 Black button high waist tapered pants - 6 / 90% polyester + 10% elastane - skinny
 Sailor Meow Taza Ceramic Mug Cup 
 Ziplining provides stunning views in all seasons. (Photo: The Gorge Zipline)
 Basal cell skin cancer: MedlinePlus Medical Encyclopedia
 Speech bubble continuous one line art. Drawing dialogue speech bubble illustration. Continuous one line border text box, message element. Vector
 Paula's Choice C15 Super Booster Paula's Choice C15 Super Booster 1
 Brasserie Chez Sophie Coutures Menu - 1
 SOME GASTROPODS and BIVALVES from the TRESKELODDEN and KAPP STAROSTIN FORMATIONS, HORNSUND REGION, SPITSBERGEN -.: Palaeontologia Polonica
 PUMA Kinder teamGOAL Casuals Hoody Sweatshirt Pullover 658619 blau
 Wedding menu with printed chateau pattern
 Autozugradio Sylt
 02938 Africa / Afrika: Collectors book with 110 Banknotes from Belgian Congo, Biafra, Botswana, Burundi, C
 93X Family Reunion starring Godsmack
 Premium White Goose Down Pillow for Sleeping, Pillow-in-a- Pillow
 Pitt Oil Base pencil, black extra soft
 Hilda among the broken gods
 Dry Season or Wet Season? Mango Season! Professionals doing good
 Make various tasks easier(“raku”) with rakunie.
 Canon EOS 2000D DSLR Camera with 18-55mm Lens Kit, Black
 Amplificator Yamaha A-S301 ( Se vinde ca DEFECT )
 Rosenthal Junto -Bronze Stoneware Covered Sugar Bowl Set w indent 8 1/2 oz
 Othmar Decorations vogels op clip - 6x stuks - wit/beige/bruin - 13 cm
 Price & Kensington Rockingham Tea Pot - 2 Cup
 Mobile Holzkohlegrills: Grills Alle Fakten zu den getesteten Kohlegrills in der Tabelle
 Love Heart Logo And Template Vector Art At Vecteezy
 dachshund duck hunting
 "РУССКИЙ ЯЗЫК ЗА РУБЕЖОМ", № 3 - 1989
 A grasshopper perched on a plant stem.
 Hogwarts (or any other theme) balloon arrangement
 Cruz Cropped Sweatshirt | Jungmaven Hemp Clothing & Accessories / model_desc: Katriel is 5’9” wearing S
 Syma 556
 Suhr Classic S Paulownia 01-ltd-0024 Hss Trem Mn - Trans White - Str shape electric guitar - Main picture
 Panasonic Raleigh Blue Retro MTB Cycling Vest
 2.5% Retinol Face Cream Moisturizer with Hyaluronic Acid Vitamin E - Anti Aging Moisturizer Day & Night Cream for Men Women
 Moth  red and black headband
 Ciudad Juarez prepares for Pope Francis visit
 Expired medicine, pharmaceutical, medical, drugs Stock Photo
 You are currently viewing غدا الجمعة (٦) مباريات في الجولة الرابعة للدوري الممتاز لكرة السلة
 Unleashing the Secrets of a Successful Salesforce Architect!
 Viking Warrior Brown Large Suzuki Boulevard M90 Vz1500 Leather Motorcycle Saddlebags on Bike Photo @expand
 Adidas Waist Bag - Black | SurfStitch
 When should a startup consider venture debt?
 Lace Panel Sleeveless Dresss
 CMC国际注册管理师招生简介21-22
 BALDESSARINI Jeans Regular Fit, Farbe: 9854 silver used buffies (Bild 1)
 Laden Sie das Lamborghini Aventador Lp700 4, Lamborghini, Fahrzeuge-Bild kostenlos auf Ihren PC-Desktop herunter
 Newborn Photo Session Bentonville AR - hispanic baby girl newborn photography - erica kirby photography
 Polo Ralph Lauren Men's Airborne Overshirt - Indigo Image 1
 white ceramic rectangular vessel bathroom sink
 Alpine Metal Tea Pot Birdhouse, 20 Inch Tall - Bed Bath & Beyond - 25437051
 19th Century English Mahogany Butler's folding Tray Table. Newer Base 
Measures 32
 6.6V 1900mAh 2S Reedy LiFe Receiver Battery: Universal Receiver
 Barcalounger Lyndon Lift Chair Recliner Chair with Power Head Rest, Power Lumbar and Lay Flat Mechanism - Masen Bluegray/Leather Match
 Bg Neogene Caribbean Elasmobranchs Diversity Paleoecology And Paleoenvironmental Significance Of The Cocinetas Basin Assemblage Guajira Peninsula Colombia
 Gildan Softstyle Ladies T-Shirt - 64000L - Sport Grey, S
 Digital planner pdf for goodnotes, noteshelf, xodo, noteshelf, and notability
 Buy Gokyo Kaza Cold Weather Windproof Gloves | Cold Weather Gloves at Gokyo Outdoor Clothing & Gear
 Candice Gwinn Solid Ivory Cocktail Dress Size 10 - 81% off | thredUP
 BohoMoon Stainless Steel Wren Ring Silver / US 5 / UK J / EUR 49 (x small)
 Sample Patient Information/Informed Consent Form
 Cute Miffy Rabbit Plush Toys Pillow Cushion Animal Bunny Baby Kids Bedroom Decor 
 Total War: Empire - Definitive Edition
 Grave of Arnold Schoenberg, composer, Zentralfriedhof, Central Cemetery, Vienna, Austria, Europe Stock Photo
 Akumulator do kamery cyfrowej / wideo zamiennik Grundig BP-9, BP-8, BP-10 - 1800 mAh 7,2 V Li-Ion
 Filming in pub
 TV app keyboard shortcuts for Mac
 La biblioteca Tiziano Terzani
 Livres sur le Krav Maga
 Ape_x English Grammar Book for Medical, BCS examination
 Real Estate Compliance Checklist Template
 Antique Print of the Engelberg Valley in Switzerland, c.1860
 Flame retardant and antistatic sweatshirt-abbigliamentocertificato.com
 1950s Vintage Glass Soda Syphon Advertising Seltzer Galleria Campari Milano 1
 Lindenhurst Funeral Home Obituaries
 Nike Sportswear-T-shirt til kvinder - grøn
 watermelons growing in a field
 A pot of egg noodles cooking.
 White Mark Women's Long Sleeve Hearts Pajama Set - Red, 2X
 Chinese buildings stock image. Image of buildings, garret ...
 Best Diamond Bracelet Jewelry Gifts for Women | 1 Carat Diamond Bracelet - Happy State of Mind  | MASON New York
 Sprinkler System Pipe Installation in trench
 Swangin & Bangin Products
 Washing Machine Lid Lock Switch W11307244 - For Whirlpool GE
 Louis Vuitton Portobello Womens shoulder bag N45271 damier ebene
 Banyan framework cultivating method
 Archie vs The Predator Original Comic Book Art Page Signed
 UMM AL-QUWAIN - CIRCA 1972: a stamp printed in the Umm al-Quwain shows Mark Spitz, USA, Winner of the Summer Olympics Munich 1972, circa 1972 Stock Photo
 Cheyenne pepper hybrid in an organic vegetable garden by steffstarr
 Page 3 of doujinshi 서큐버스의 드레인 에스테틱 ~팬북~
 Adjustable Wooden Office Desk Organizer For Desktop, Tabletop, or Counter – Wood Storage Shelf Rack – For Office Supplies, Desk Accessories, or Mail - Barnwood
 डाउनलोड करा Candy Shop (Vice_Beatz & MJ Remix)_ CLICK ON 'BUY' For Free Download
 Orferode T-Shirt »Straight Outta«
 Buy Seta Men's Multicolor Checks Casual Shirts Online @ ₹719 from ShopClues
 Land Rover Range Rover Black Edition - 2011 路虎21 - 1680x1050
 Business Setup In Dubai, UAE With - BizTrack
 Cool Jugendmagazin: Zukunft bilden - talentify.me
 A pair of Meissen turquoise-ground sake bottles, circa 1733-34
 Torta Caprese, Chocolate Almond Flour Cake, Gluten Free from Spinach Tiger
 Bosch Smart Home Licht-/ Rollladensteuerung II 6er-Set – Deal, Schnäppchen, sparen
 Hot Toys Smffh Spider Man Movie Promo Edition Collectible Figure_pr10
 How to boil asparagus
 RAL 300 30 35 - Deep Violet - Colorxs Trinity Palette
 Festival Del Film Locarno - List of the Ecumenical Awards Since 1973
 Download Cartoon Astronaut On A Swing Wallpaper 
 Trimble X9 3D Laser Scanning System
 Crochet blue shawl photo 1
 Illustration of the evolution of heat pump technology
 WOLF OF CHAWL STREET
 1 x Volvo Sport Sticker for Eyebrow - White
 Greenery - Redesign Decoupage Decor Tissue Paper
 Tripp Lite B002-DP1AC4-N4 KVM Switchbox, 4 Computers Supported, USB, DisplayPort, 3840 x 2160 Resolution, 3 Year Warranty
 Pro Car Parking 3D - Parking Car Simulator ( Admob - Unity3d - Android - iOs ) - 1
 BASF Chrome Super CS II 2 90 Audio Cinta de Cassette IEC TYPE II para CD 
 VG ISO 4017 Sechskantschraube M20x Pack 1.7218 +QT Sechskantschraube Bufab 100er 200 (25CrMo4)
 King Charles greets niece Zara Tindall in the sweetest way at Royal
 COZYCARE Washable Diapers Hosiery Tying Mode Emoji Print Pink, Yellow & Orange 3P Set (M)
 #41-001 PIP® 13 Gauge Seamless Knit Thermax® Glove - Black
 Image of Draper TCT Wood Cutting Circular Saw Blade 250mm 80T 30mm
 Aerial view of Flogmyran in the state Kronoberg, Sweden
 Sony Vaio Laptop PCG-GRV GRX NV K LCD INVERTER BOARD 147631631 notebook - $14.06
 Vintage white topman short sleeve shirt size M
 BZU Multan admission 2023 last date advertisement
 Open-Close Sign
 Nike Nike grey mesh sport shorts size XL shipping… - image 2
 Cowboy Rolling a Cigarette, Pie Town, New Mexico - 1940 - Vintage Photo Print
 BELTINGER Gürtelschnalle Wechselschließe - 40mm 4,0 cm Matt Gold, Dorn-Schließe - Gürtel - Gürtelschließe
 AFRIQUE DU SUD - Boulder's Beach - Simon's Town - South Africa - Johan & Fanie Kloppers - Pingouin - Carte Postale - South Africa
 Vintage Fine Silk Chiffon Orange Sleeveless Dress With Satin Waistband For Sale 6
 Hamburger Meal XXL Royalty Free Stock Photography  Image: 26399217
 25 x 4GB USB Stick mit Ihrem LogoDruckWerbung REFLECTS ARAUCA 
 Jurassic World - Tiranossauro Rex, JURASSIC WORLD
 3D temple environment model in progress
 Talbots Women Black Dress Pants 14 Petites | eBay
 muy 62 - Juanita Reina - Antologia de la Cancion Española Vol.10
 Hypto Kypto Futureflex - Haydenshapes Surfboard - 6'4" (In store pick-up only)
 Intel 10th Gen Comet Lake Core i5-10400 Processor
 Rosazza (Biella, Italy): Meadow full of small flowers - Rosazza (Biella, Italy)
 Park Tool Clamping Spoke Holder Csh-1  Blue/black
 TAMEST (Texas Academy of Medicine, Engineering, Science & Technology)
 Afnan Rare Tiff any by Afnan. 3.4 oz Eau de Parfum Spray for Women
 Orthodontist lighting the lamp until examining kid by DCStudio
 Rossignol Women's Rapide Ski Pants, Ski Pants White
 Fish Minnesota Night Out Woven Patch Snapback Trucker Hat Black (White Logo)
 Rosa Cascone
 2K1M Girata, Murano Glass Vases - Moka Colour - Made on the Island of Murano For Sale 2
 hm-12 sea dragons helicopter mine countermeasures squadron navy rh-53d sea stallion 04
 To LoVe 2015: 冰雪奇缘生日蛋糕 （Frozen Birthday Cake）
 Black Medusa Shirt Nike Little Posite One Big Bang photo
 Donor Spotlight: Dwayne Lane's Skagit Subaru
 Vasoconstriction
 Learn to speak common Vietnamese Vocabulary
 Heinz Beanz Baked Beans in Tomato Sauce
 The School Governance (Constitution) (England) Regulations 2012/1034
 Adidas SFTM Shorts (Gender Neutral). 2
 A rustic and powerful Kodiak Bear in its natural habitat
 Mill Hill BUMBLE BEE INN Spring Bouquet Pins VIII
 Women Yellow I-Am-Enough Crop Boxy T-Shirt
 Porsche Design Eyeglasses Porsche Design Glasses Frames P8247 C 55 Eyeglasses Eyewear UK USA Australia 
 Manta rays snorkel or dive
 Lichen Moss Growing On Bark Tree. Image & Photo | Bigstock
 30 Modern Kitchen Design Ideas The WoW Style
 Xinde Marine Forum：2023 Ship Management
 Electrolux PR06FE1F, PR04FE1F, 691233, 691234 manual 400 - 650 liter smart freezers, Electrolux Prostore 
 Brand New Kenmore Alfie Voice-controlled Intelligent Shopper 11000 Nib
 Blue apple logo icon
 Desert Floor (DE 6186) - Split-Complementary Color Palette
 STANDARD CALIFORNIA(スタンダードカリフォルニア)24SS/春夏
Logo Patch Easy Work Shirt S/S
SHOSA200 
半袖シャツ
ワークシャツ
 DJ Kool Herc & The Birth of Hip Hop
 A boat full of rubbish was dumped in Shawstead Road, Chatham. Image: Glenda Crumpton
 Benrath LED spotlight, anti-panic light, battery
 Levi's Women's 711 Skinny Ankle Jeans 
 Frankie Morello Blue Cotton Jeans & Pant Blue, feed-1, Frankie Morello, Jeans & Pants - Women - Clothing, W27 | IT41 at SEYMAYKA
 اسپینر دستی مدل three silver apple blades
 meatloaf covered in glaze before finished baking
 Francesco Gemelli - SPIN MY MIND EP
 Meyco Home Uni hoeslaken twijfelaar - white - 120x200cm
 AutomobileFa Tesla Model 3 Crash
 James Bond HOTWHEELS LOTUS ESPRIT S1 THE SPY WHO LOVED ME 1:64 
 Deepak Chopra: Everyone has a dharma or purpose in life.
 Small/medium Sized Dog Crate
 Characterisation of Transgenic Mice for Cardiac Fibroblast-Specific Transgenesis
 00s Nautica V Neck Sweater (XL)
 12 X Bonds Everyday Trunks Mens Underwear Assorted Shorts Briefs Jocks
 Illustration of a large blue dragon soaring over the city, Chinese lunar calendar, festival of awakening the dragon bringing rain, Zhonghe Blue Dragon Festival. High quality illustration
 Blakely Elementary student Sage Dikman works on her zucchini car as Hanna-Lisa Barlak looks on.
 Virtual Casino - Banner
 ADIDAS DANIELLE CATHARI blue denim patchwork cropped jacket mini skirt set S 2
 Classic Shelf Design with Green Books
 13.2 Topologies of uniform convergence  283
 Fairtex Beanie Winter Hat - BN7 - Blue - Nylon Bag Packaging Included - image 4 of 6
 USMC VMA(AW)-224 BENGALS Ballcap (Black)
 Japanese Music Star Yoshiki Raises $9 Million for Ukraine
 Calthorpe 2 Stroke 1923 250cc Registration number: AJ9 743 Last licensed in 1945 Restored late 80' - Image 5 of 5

————————

**Exercise**. In the listing above, transcribe exactly everything from the line containing "Electrolux PR06FE1F, PR04FE1F, 691233, 691234" down to the line containing "Desert Floor (DE", including both and nothing more.

**Final answer**.
 Electrolux PR06FE1F, PR04FE1F, 691233, 691234 manual 400 - 650 liter smart freezers, Electrolux Prostore 
 Brand New Kenmore Alfie Voice-controlled Intelligent Shopper 11000 Nib
 Blue apple logo icon
 Desert Floor (DE 6186) - Split-Complementary Color Palette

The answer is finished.